Exercise data>
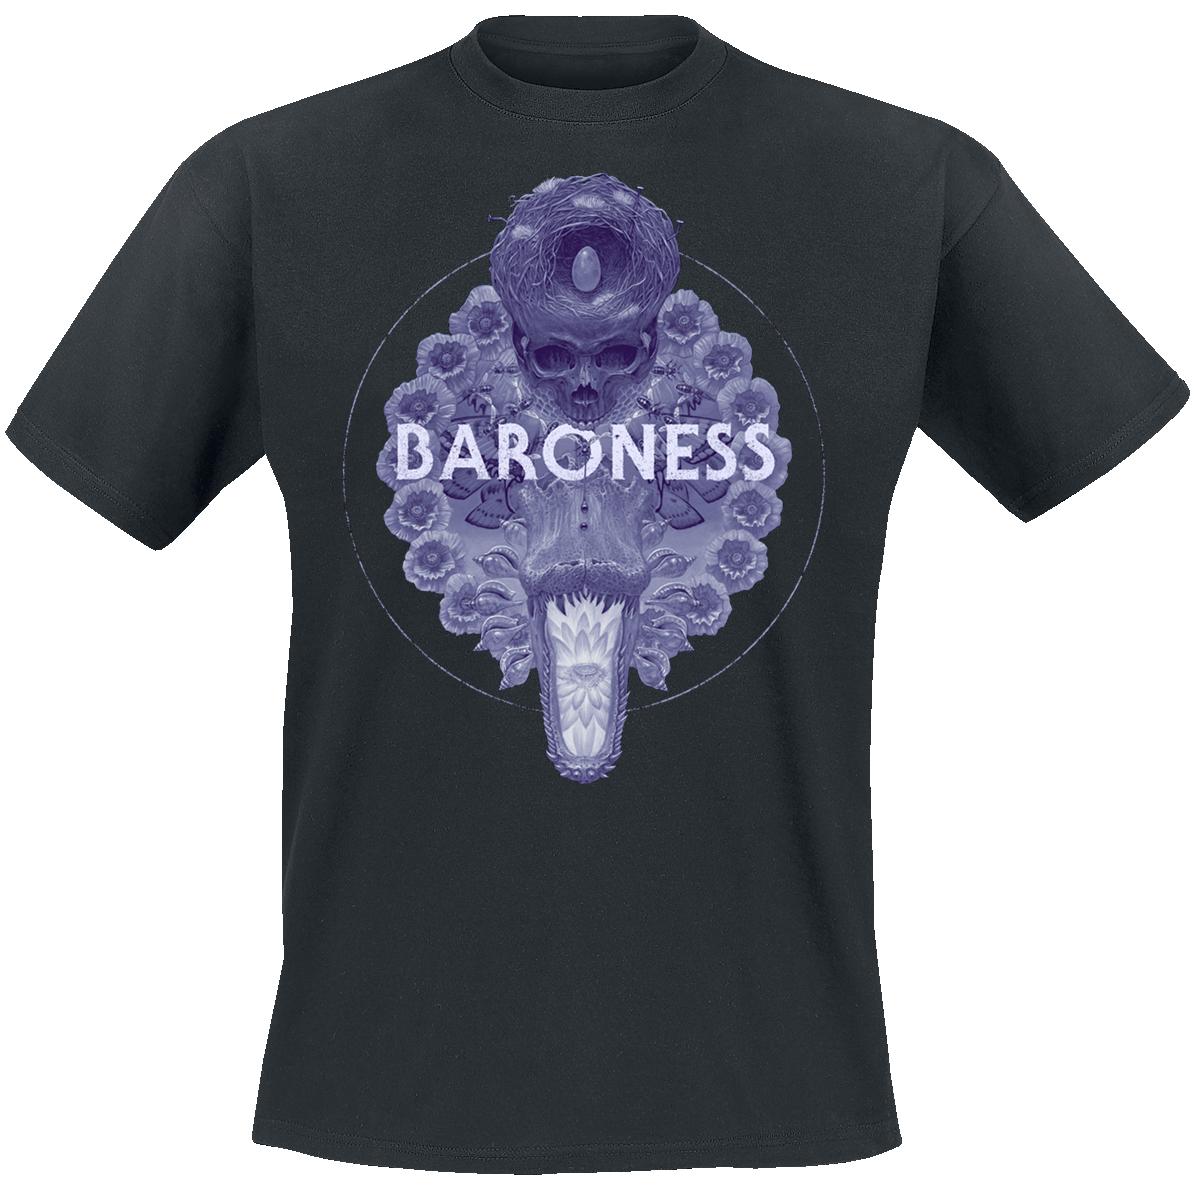 Baroness - Marald Gator - T-Shirt - black image
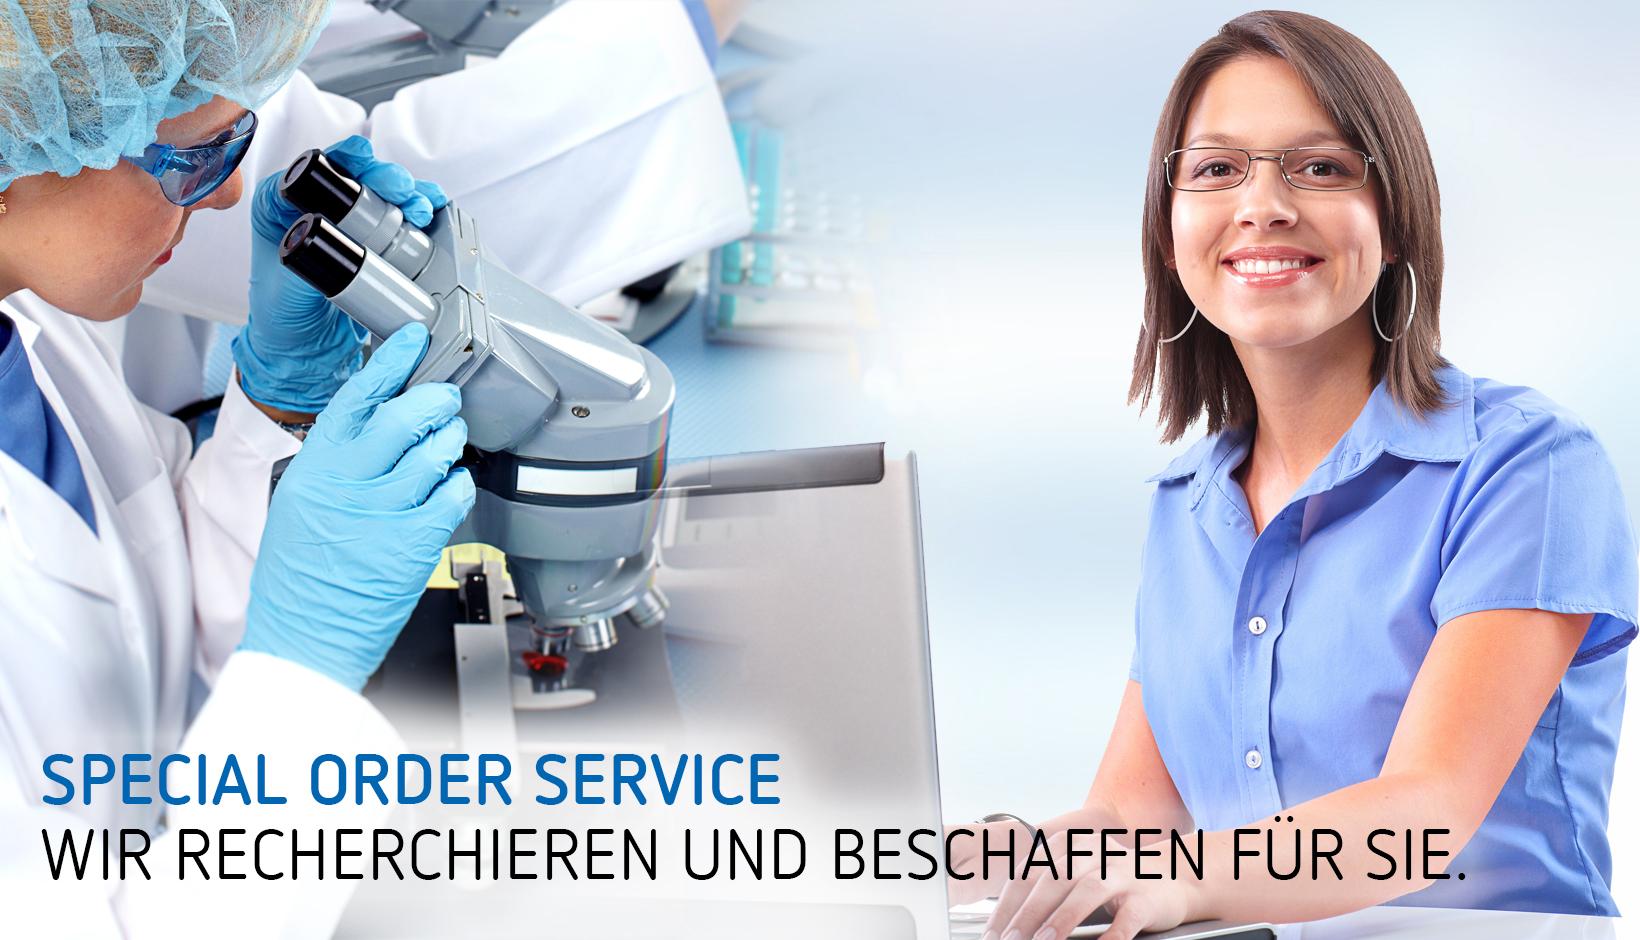 Special Order Service
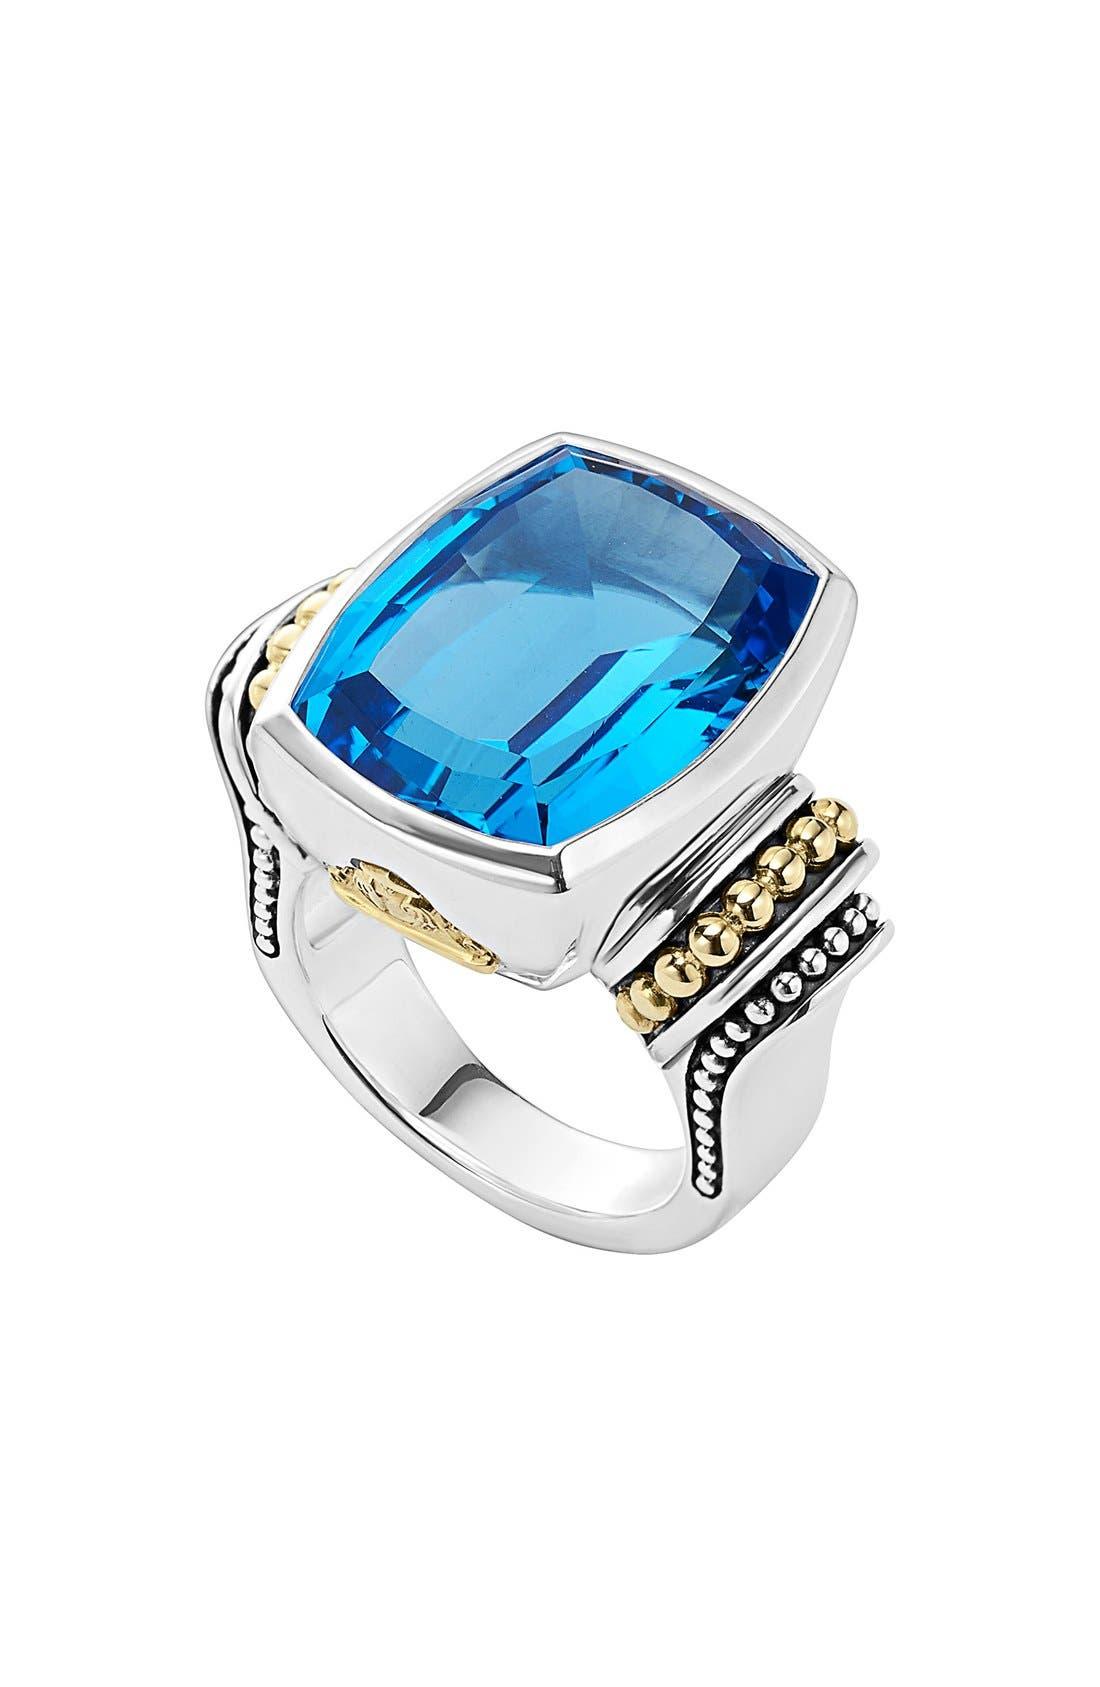 LAGOS Caviar Color Large Semiprecious Stone Ring

Task details> Using the material above, set down every line exactly, but skip the pictures.

Exercise result>
 Baroness - Marald Gator - T-Shirt - black image
 Special Order Service
 LAGOS Caviar Color Large Semiprecious Stone Ring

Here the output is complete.